Kitt Edward Nelson (born 12 January 2005) is an English footballer who plays as a midfielder for NIFL Premiership club Linfield on loan from EFL Championship side Preston North End.

==Personal life==
Nelson was born in Burnley, Lancashire and raised in nearby Barrowford, attending St Thomas C.E. Primary School in the town and later Clitheroe Royal Grammar School.

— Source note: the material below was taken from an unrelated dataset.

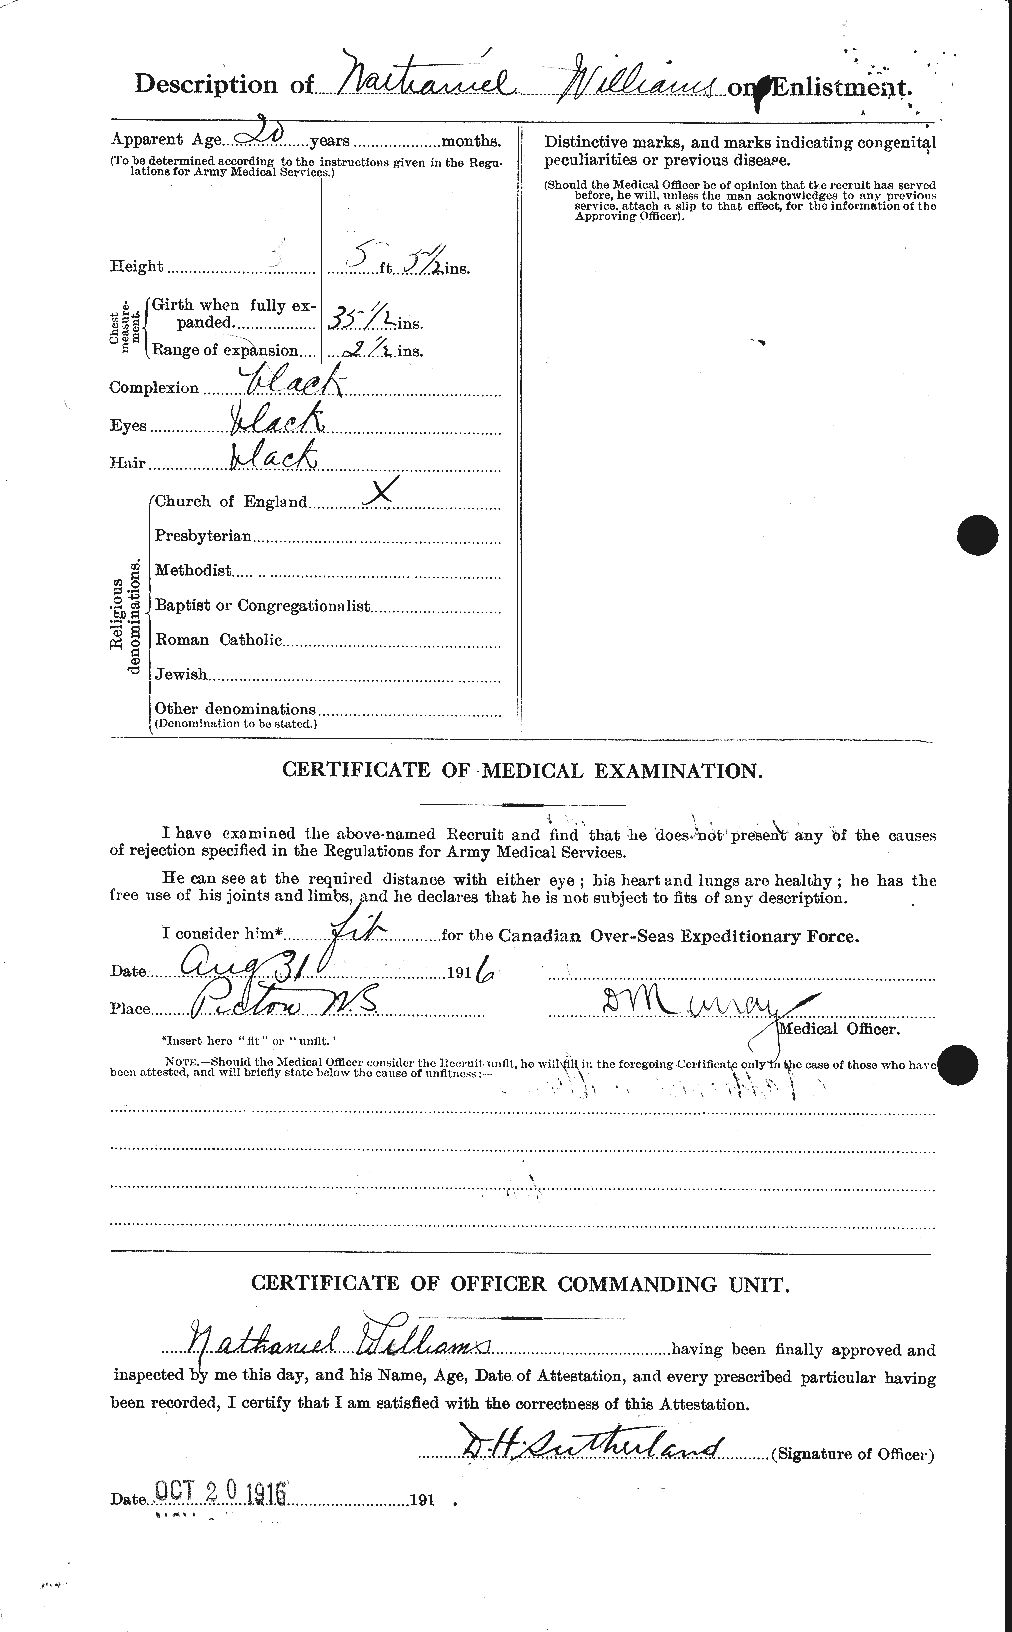 Personnel Records of the First World War - CEF 675543b
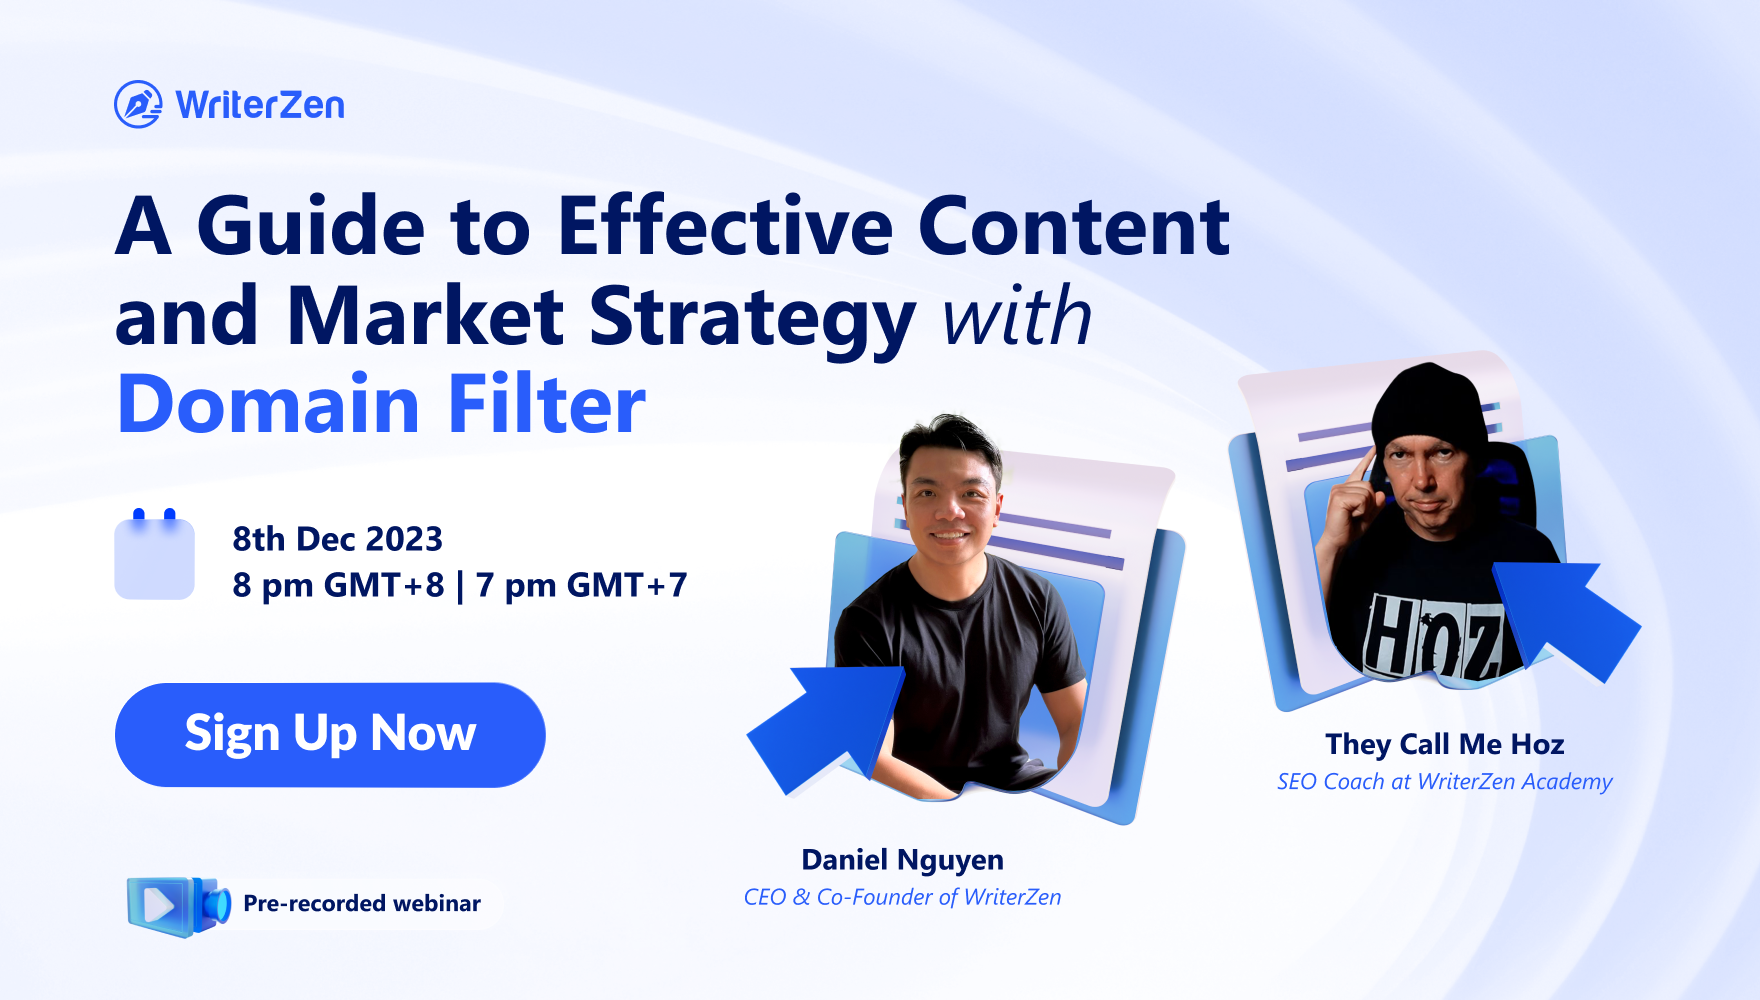 A Guide to Effective Content and Market Strategy with Domain Filter

His father, Matt Nelson, is the lead vocalist in the English indie band Milltown Brothers.

==Career==
===Preston North End===
As a youth player, Nelson joined the youth academy of Preston North End at under-9's level, and on 28 July 2023, Nelson signed his first professional contract at Deepdale; which runs until the summer of 2025.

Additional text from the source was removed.